Name: wh-zhu/qwen2.5-1.5B-longcot-reasoning-HPD API
Brand: Featherless.ai
Price: 10.00 USD
Availability: InStock
Author: wh-zhu

Overview of Qwen2.5-1.5B-longcot-reasoning-HPD

This model is a 1.5 billion parameter student model based on the Qwen2.5 architecture, distilled from the larger Qwen2.5-7B-Thinking teacher model. It leverages Hybrid Policy Distillation (HPD), a framework developed by wh-zhu, to improve the stability and efficiency of policy distillation for models focused on reasoning tasks. HPD integrates forward and reverse KL divergence to balance mode coverage and mode-seeking, and combines off-policy data with approximate on-policy sampling.

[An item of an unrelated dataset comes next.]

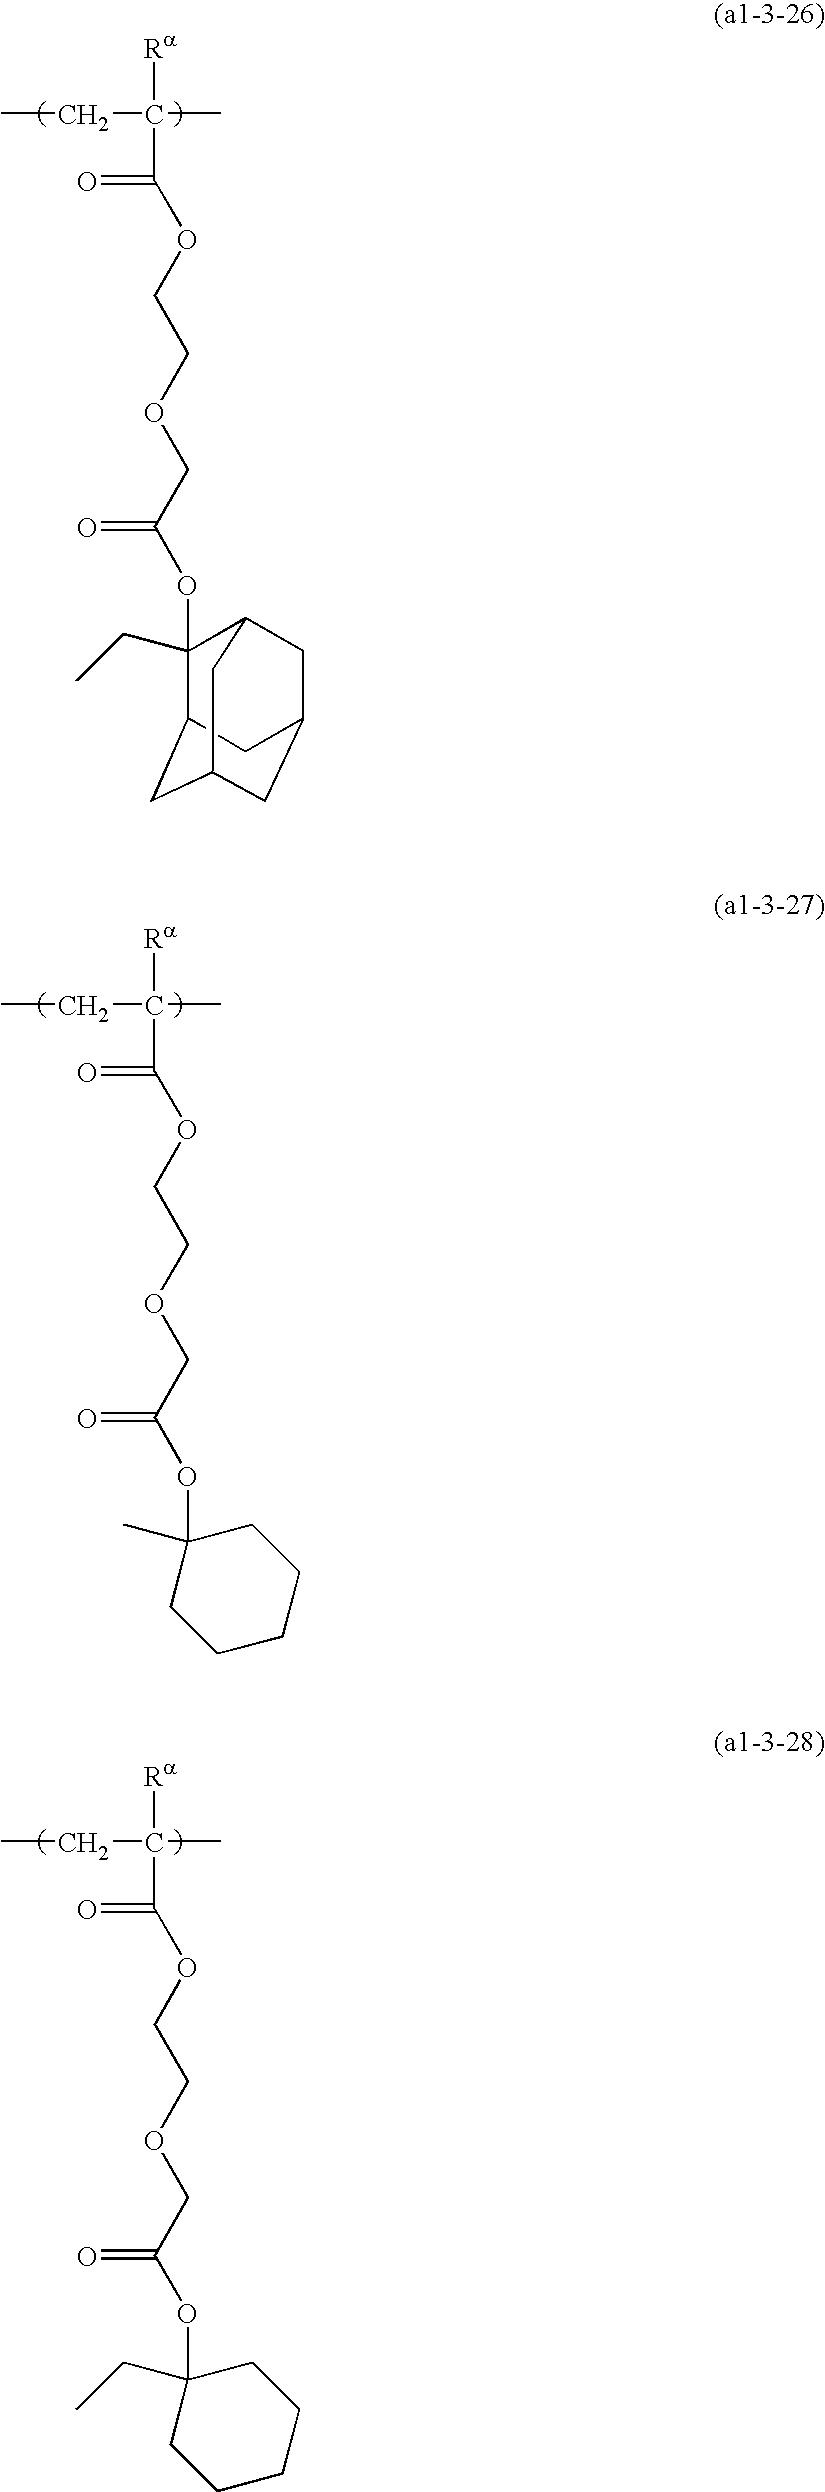 Figure US20100196821A1-20100805-C00041

Key Capabilities and Distillation Method

Knowledge Distillation: Compresses a larger 7B parameter teacher model into a more efficient 1.5B parameter student model.
Reasoning Optimization: Specifically designed to retain and optimize reasoning capabilities through the HPD framework.
Hybrid Policy Distillation (HPD): A novel approach that enhances policy distillation by balancing different KL divergences and using a mix of data sampling techniques.

Benchmark Performance

While a student model, it demonstrates reasoning capabilities across various benchmarks, including AIME24, AIME25, AMC, MATH, OlympiadMath, and GPQA. For instance, it achieves 63.40 on MATH and 28.09 on GPQA, showcasing its ability to perform reasoning tasks despite its smaller size compared to the teacher model.

Good for

Efficient Reasoning Applications: Ideal for scenarios requiring strong reasoning capabilities within a smaller, more resource-efficient model footprint.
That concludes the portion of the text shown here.